By 2026, Duke will derive 9% of its energy from hydroelectricity, wind, and solar, up from 2% in 2005.
Lastly, Xcel’s natural gas earnings rose 4% last year.
Duke has boosted its own natural gas business, largely through acquisitions. In 2015, it acquired Piedmont Natural Gas for $4.9 billion.
The acquisition tripled Duke’s natural gas customers, by adding 1 million natural gas customers to its existing customer base of 525,000.
Going forward, Duke expects to generate steady growth from these initiatives.
Source: 4Q Earnings Presentation, page 14
The regulated and natural gas businesses are expected to grow by 6% per year through 2021. This is projected to fuel 4%-6% growth in adjusted earnings-per-share over that time.
Duke pays an annualized dividend of $3.42 per share. This works out to a 4.2% dividend yield based on its recent share price.
For its part, Xcel has a 3.3% dividend yield.
Both stocks yield significantly more than the average stock. The S&P 500 Index as an average dividend yield of 2%.
But Duke has a big advantage. The stock generates roughly 27% more annual income for investors than Xcel.
Part of the reason for this is because Duke maintains a higher payout ratio.
Xcel distributed 62% of its earnings-per-share over the past 12 months, compared with a 73% payout ratio for Duke.
The trade-off is that Xcel typically raises its dividend at a higher rate than Duke. Xcel raised its dividend by 5.9% in February 2017.
Duke’s last dividend raise was a 3.6% hike last year.
Xcel expects to increase its dividend by 5%-7% per year.
Duke intends to maintain a 70%-75% payout ratio going forward. It expects to increase its dividend by 4% per year moving forward.
If Xcel raises its dividend by 6%, compared with 4% for Duke, it will take 15 years for Xcel’s yield on cost to surpass Duke Energy’s.
As a result, while Xcel could be a better choice for investors with a very long time horizon, Duke is the better pick for income now.

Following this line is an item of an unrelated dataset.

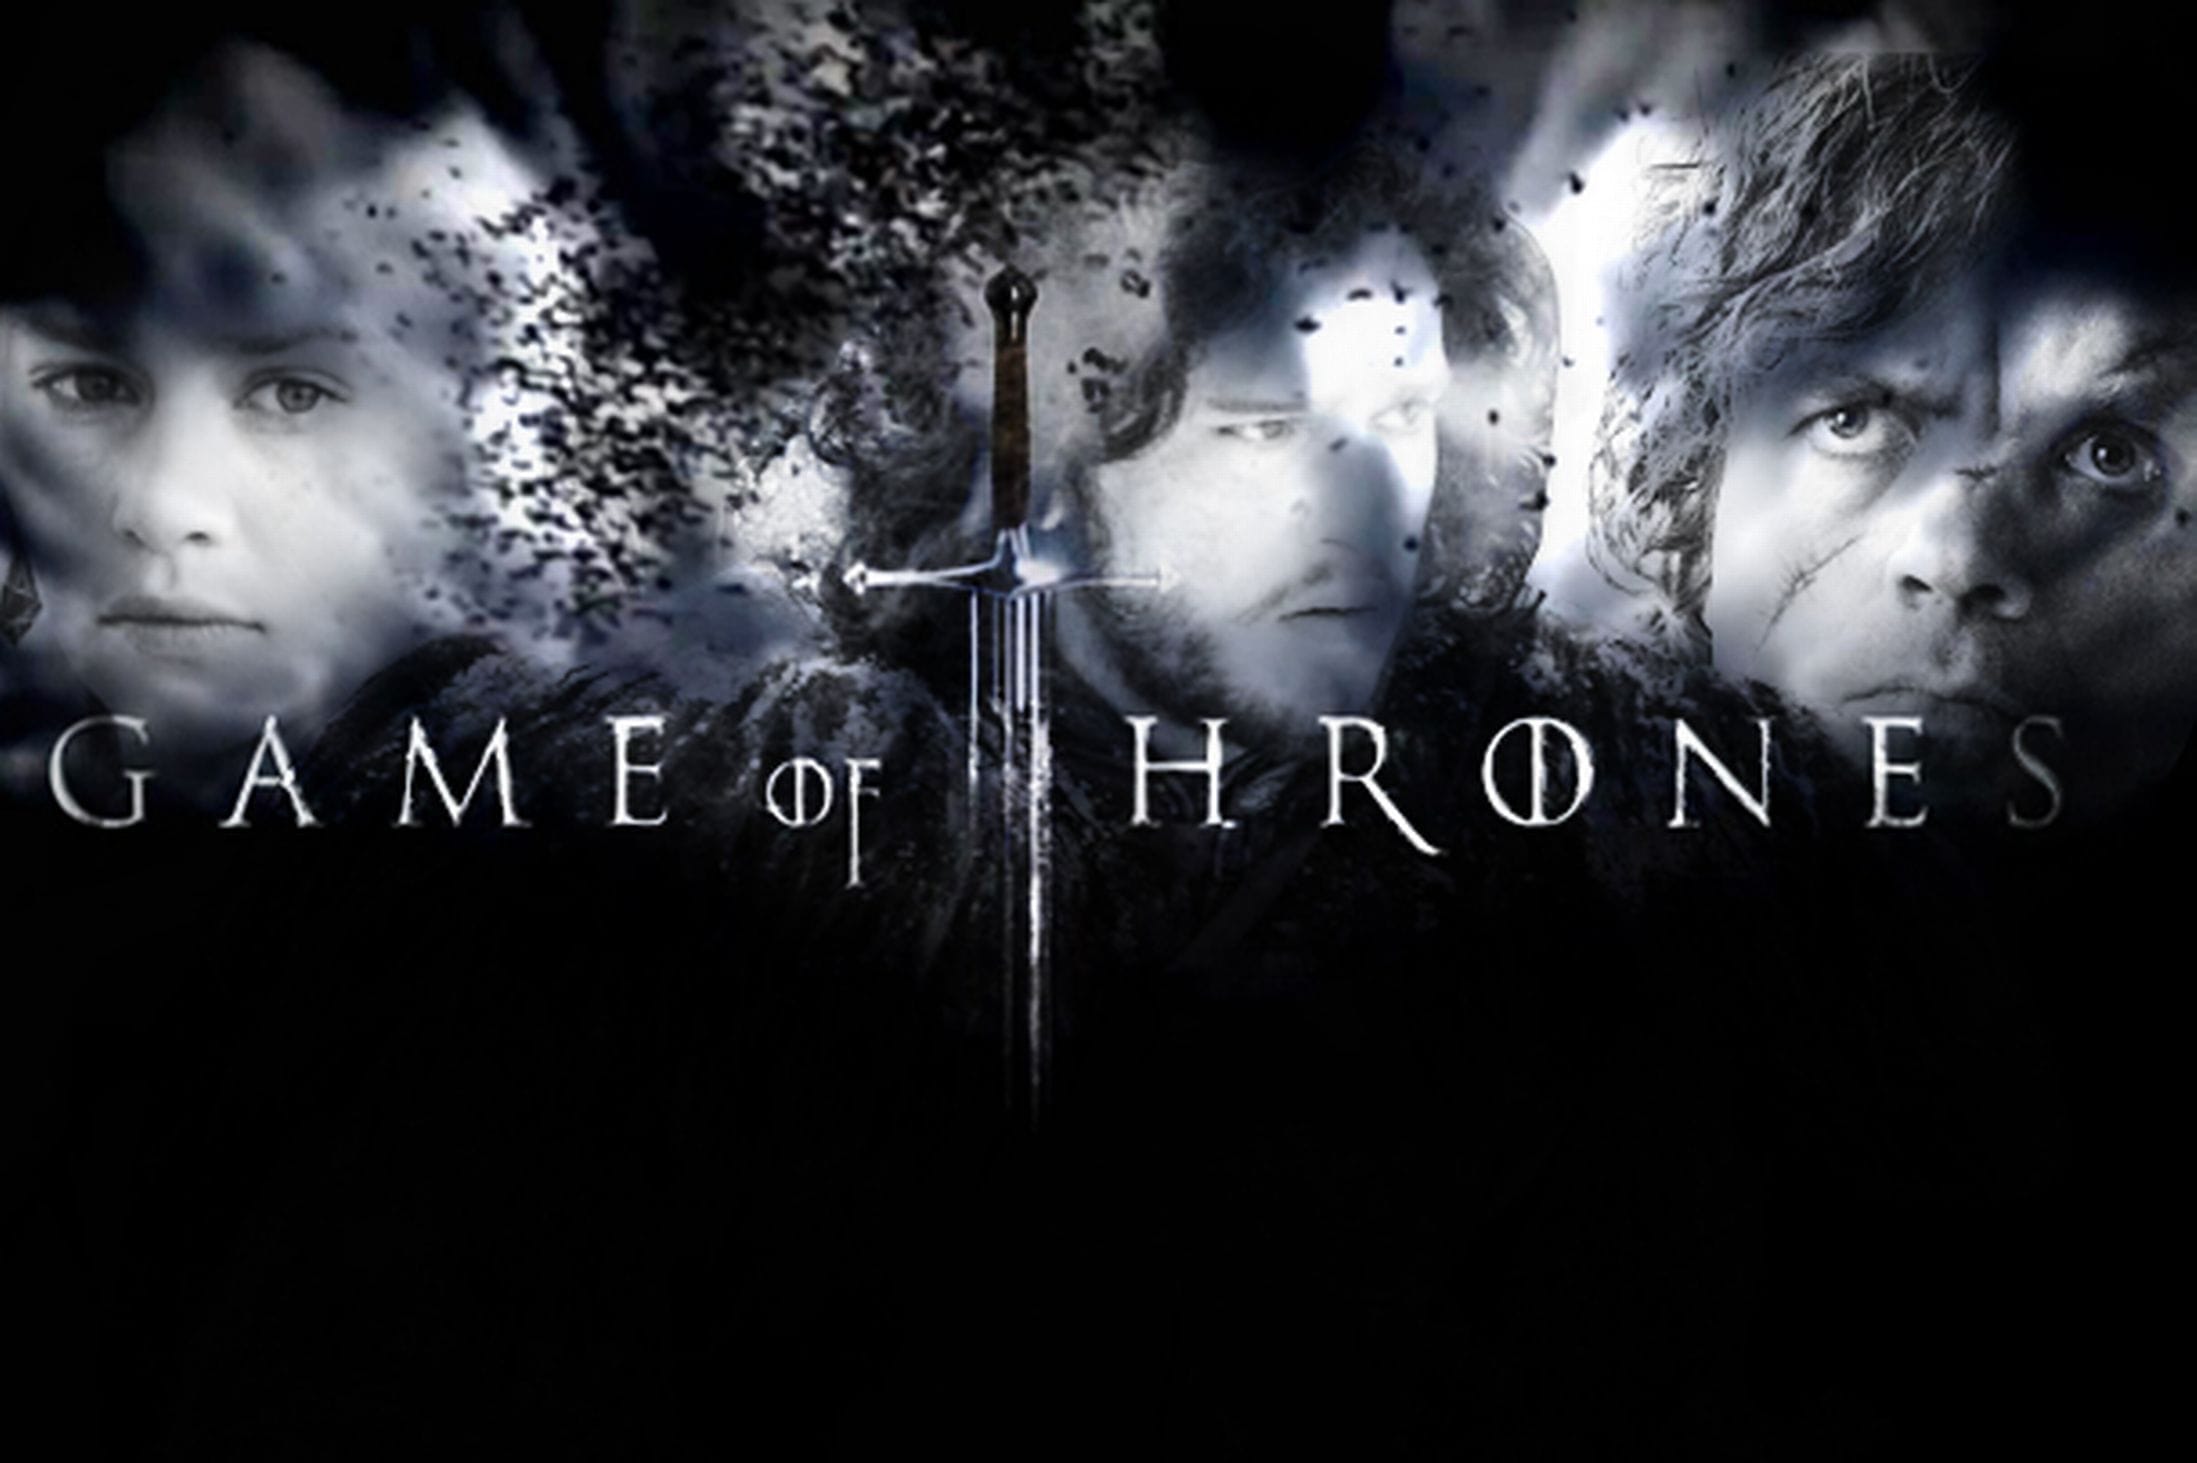 Game of thrones hd wallpapers for pc

Duke and Xcel have extremely similar business models, and future growth strategies. Both companies are high-quality utilities.

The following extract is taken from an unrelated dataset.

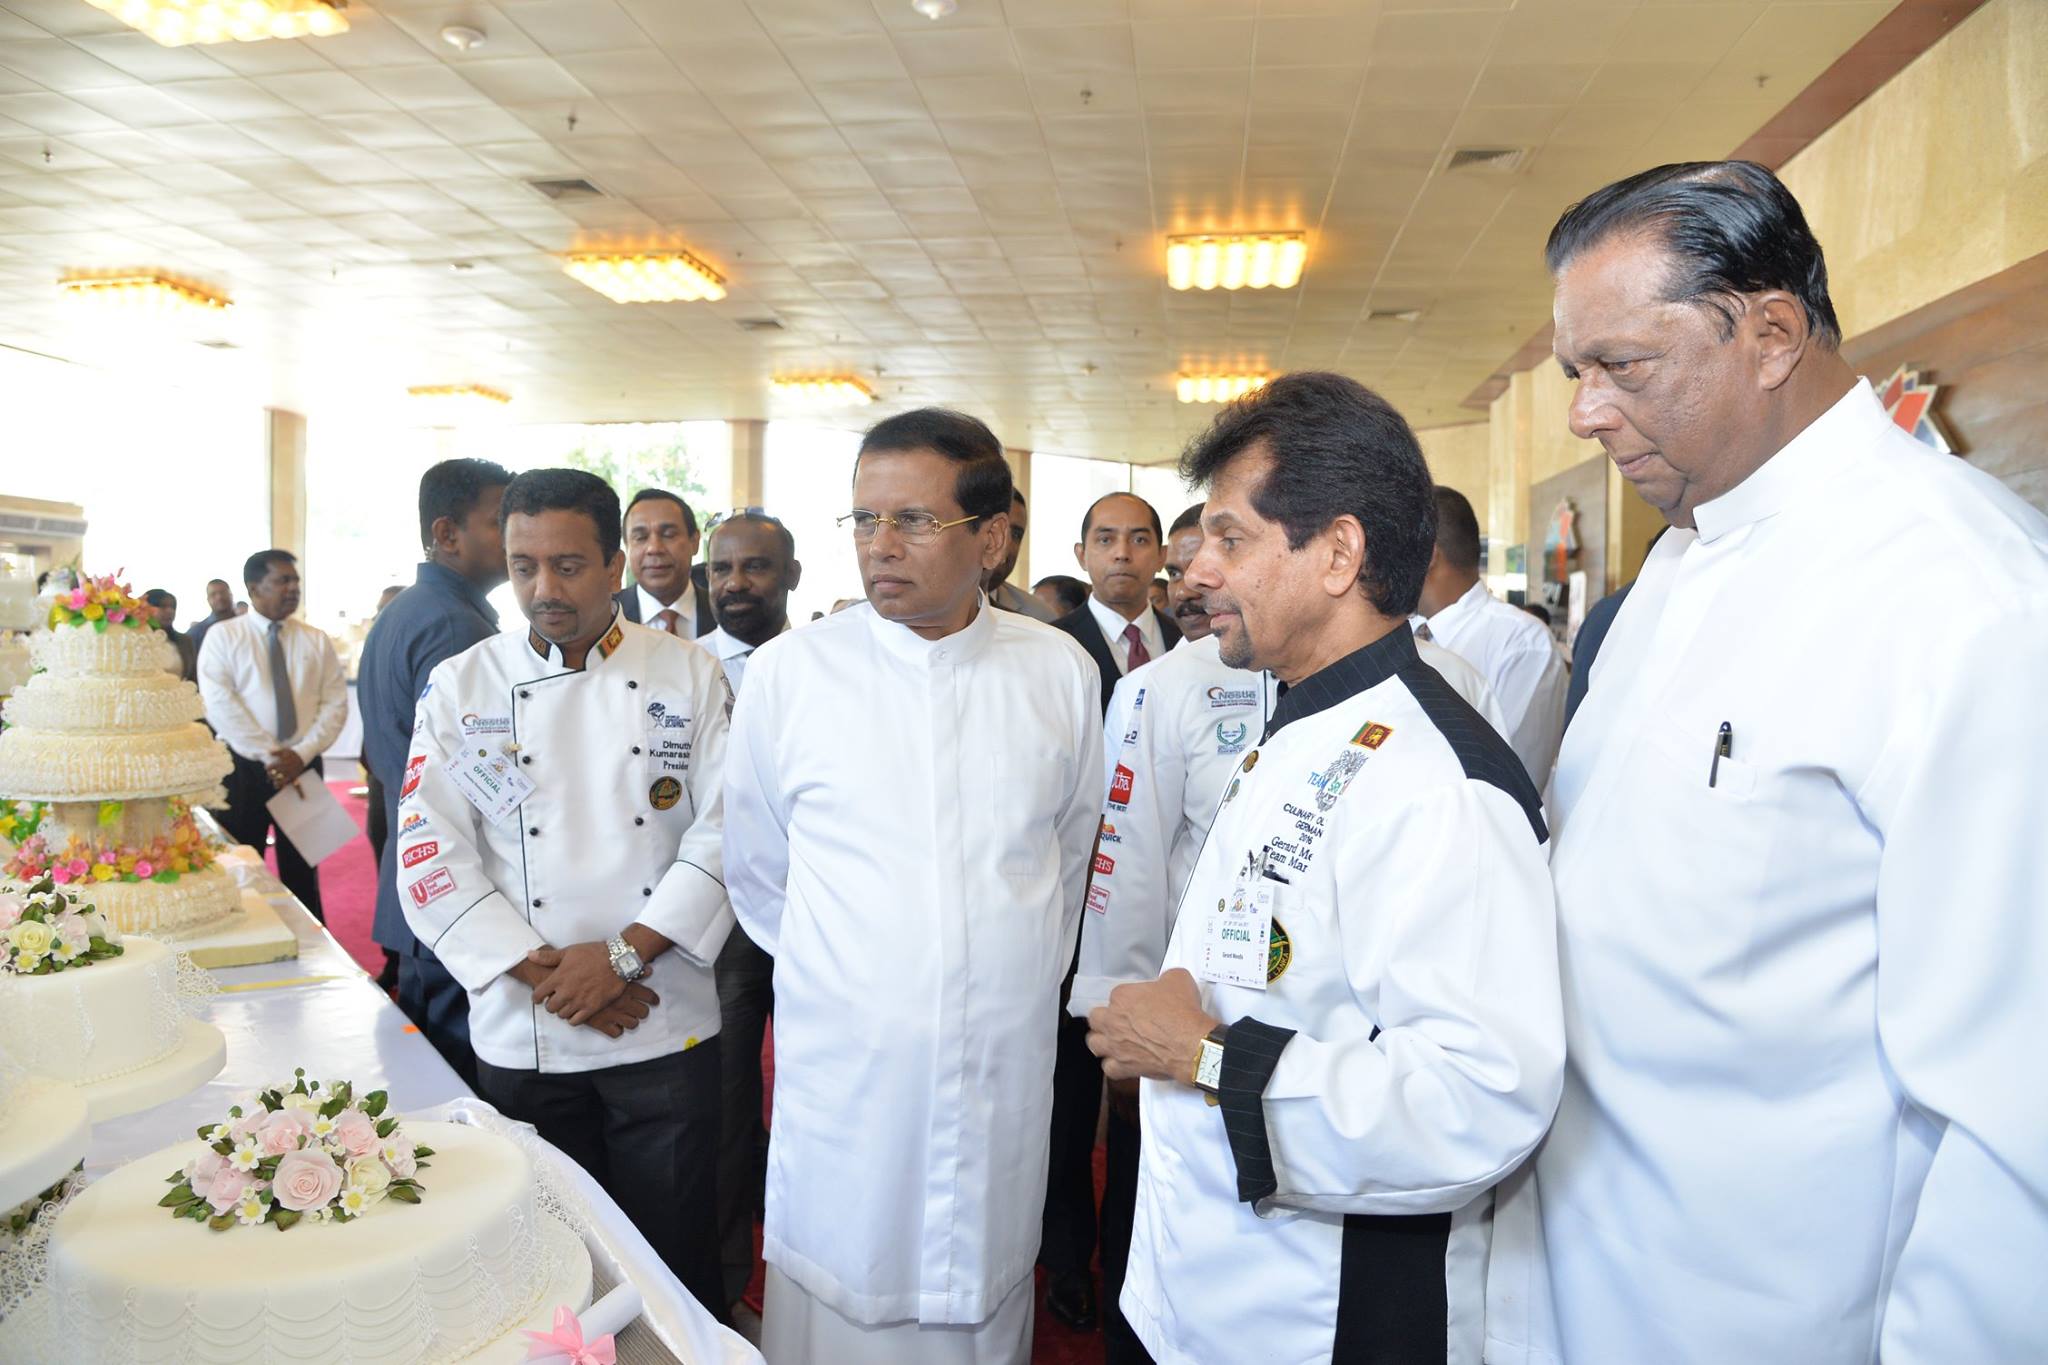 President opens Culinary Art and Food Expo 2017

It would be fairly easy to argue that both stocks deserve a place in an income investor’s stock portfolio. They have both paid consistent dividends for decades, without interruption.
That being said, they have different dividend policies.
Duke is willing to part with more of its cash flow each year than Xcel. Its higher payout ratio means investors receive a much higher dividend yield, which makes a big difference for dividend investors.
As a result, Duke is the better utility dividend stock.